● **Task statement**: Write out nothing but the lines from the one containing "Triciclo Happy Pink 3 em 1 - Xalingo" through the last line below, both included, and without the pictures.

● **Dataset excerpt**:
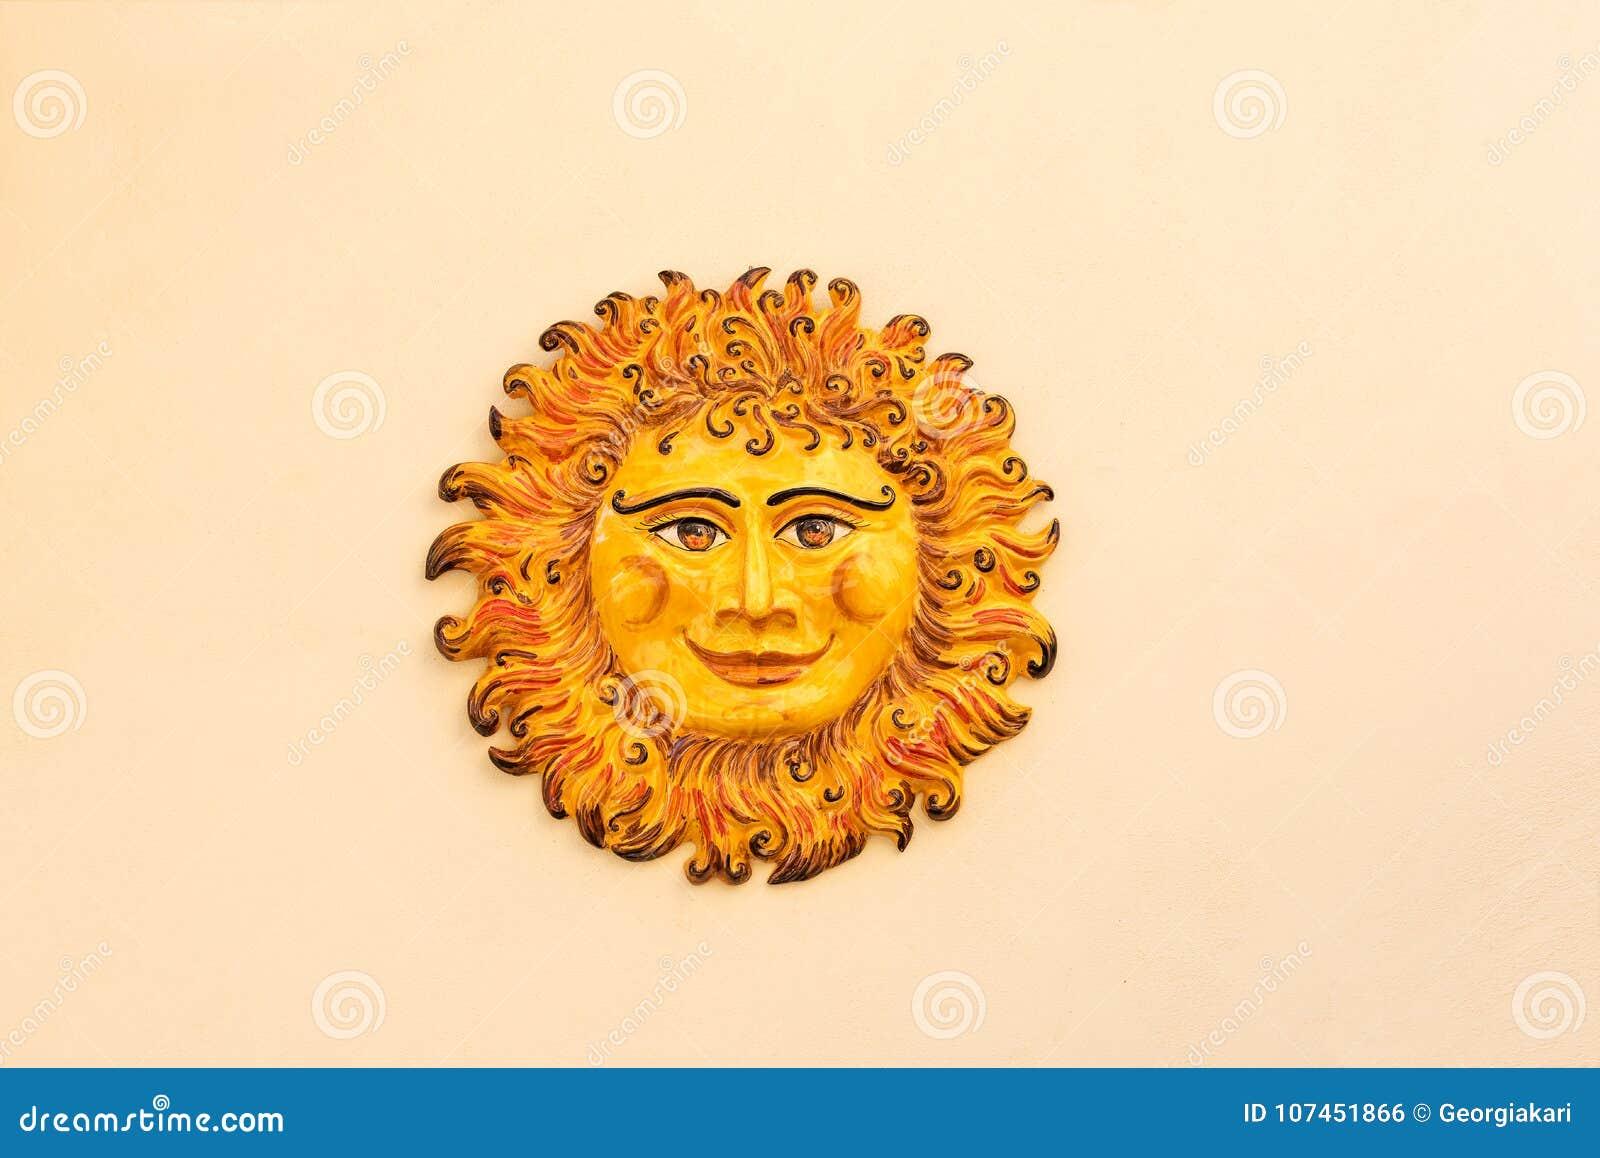 Ceramic sun stock photo. Image of decorative, design - 107451866
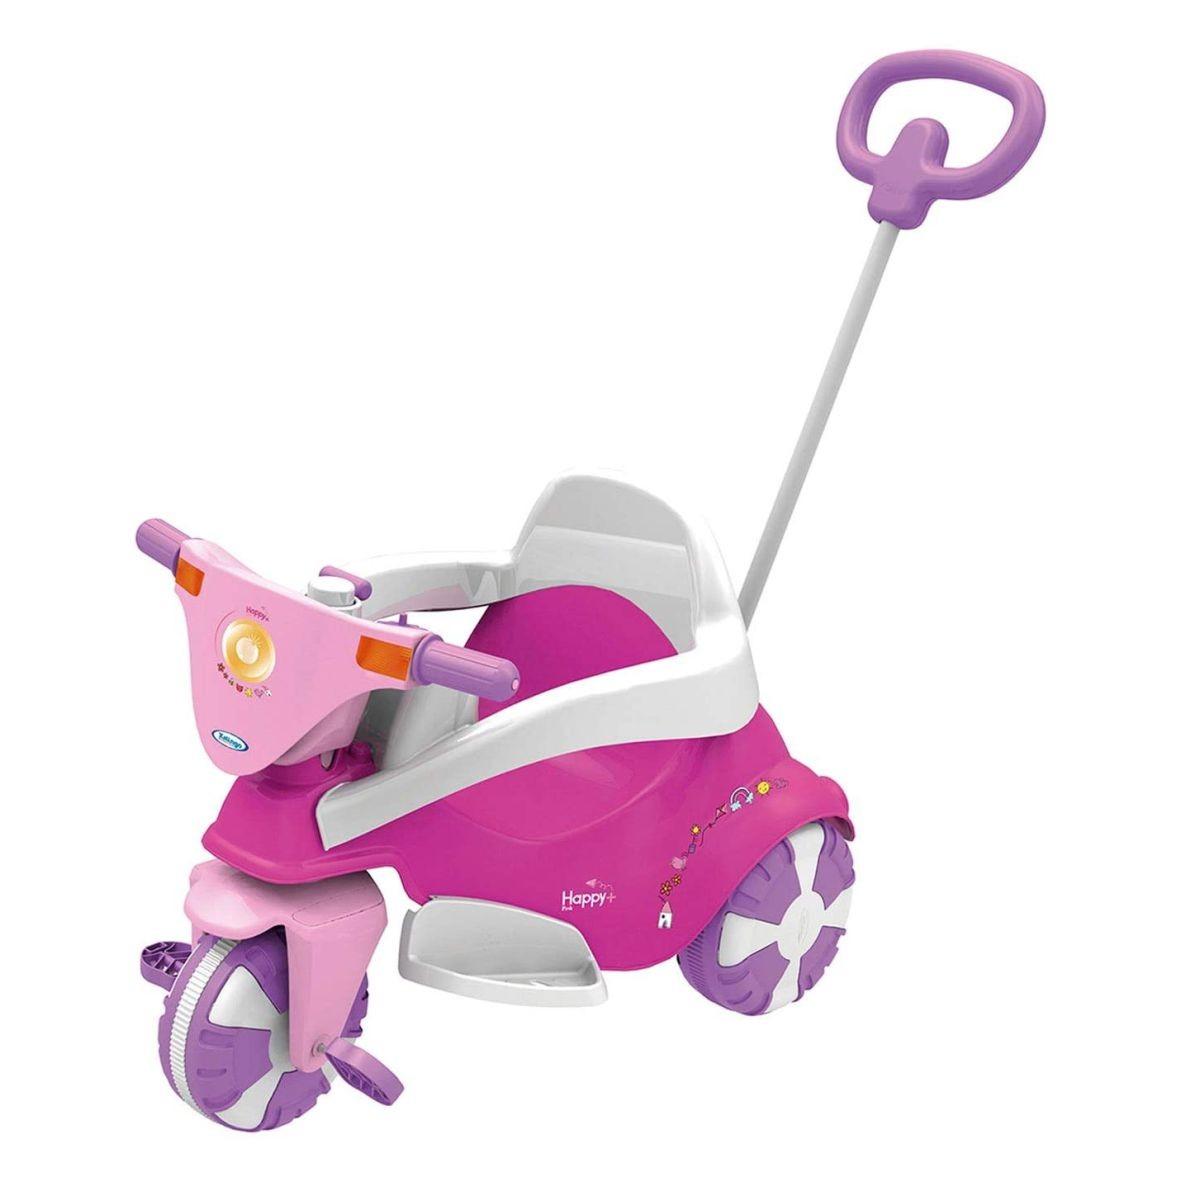 Triciclo Happy Pink 3 em 1 - Xalingo
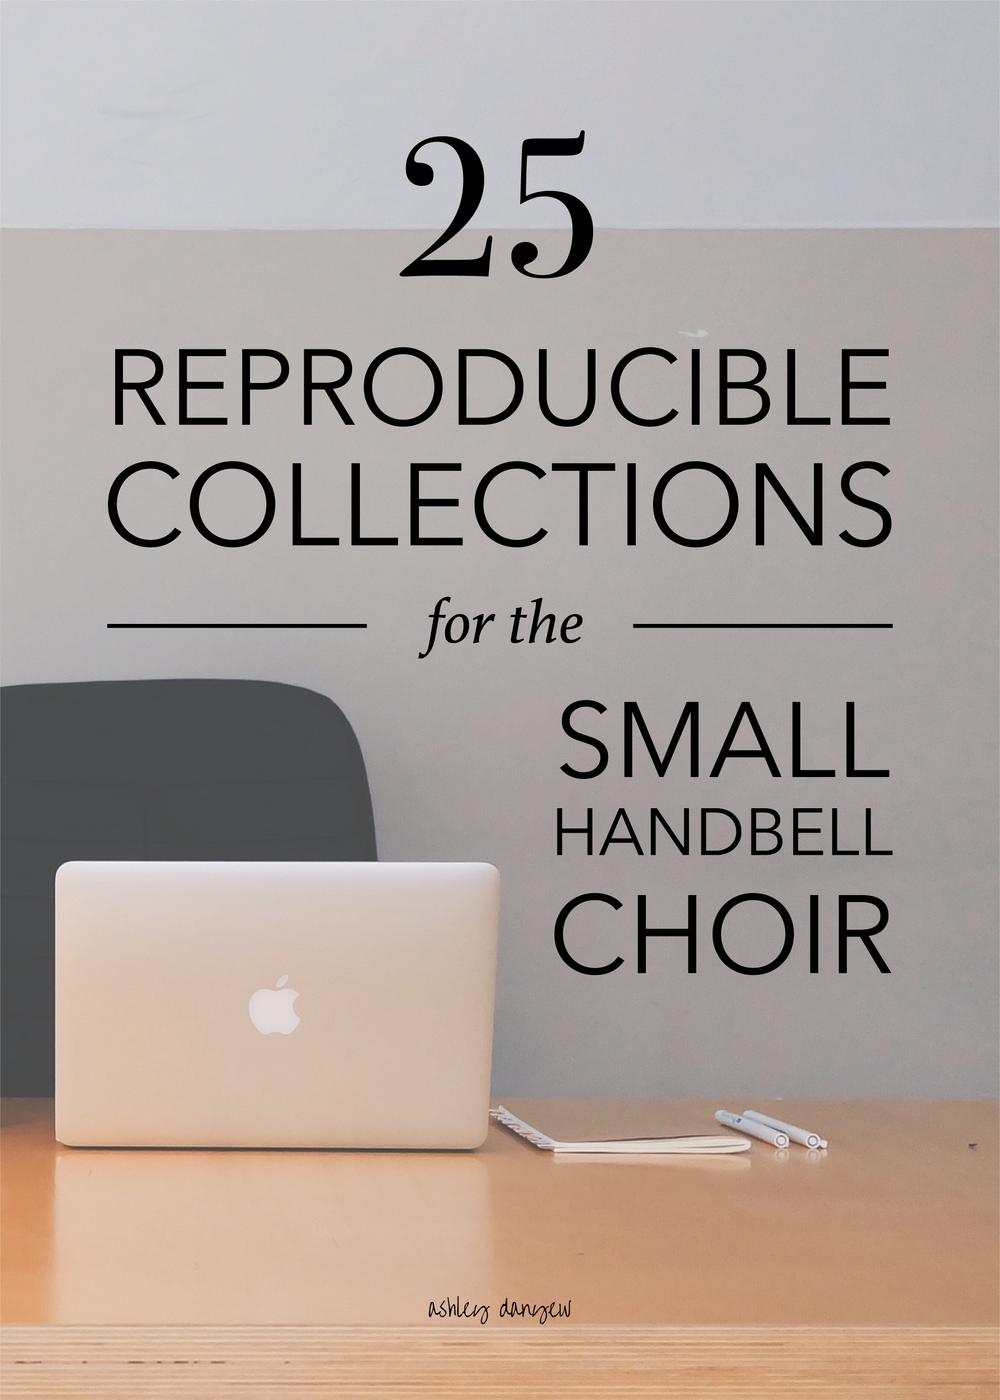 Copy of 25 Reproducible Collections for the Small Handbell Choir

● **Result**:
 Triciclo Happy Pink 3 em 1 - Xalingo
 Copy of 25 Reproducible Collections for the Small Handbell Choir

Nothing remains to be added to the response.